KABUL (Reuters) ? An attack on a police station in the west of Kabul on Friday ended without casualties, police and the Interior Ministry said.
An attacker threw a hand grenade at the station, ministry spokesman Sediq Sediqqi said on his official Twitter account, and soon afterwards police said they had regained control.
"There were gunfights in Police District Five. There were no casualties.
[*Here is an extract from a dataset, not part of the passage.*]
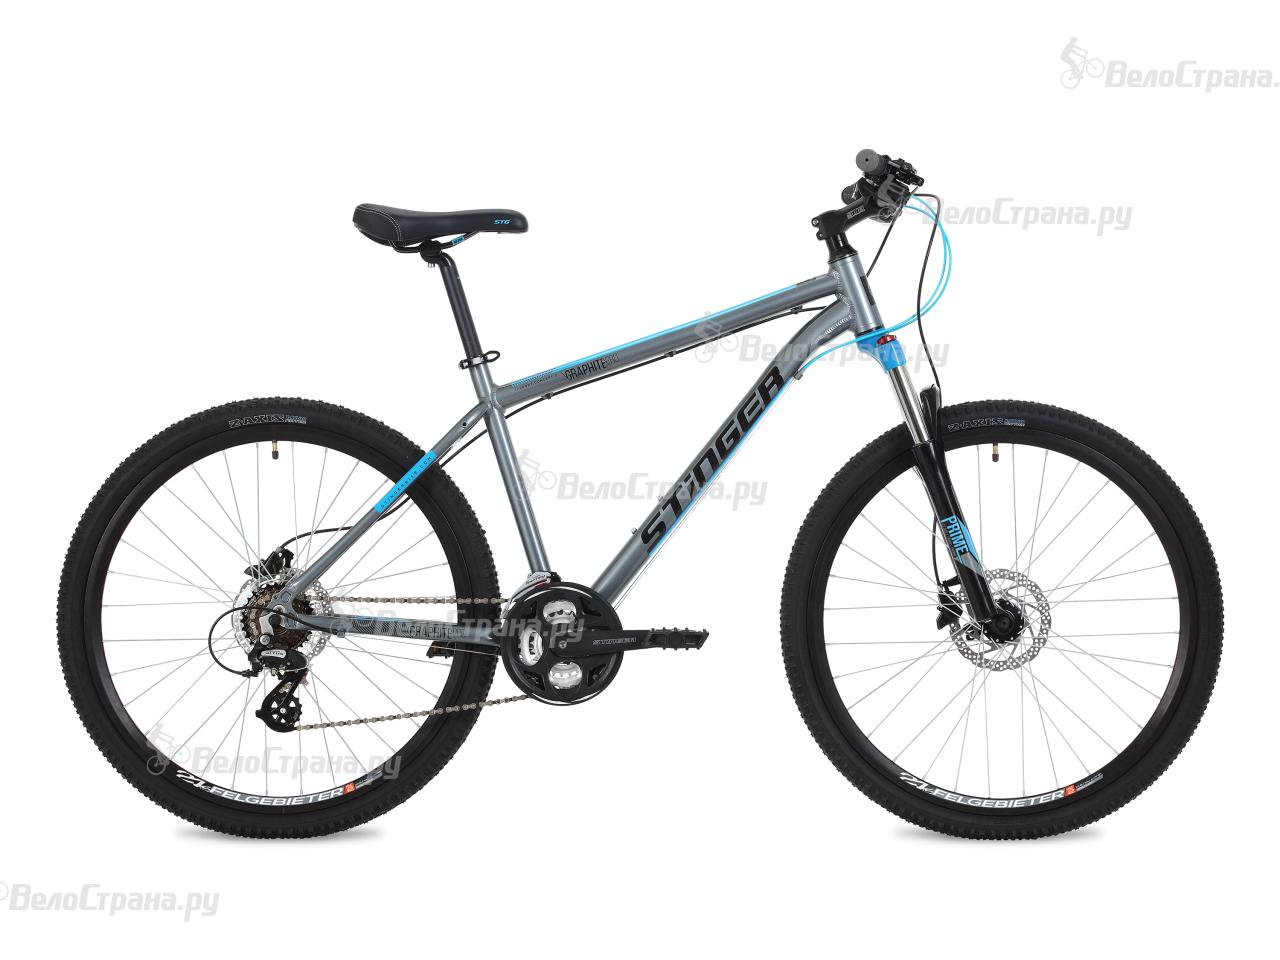 Велосипед Stinger Graphite Pro 27,5 (2018)

Now everything is under control and we are investigating the case," said Mohammad Zahir, head of the criminal investigation department for Kabul police.
Police officials denied the incident was a suicide attack.
Earlier, a Reuters witness heard gunfire and at least two explosions, and a police source, speaking on condition of anonymity, said several suicide bombers had attacked the police station.
The Taliban generally target military personnel or foreigners, such as in the attack on a convoy of NATO-led International Security Assistance Force (ISAF) vehicles in late October, which killed 13.
That attack was also in the west of the city, an area which does not have a high concentration of foreign residents.
A huge suicide bomb killed 80 people at a Shi'ite Muslim shrine in Kabul last week, an attack the Taliban condemned.
Despite the presence of tens of thousands of Western forces in Afghanistan, the United Nations and other groups say violence is at its worst since U.S.-led Afghan forces toppled the Taliban from power in late 2001.
NATO-led forces say they have seen a decline over recent months in attacks launched by insurgents against their troops.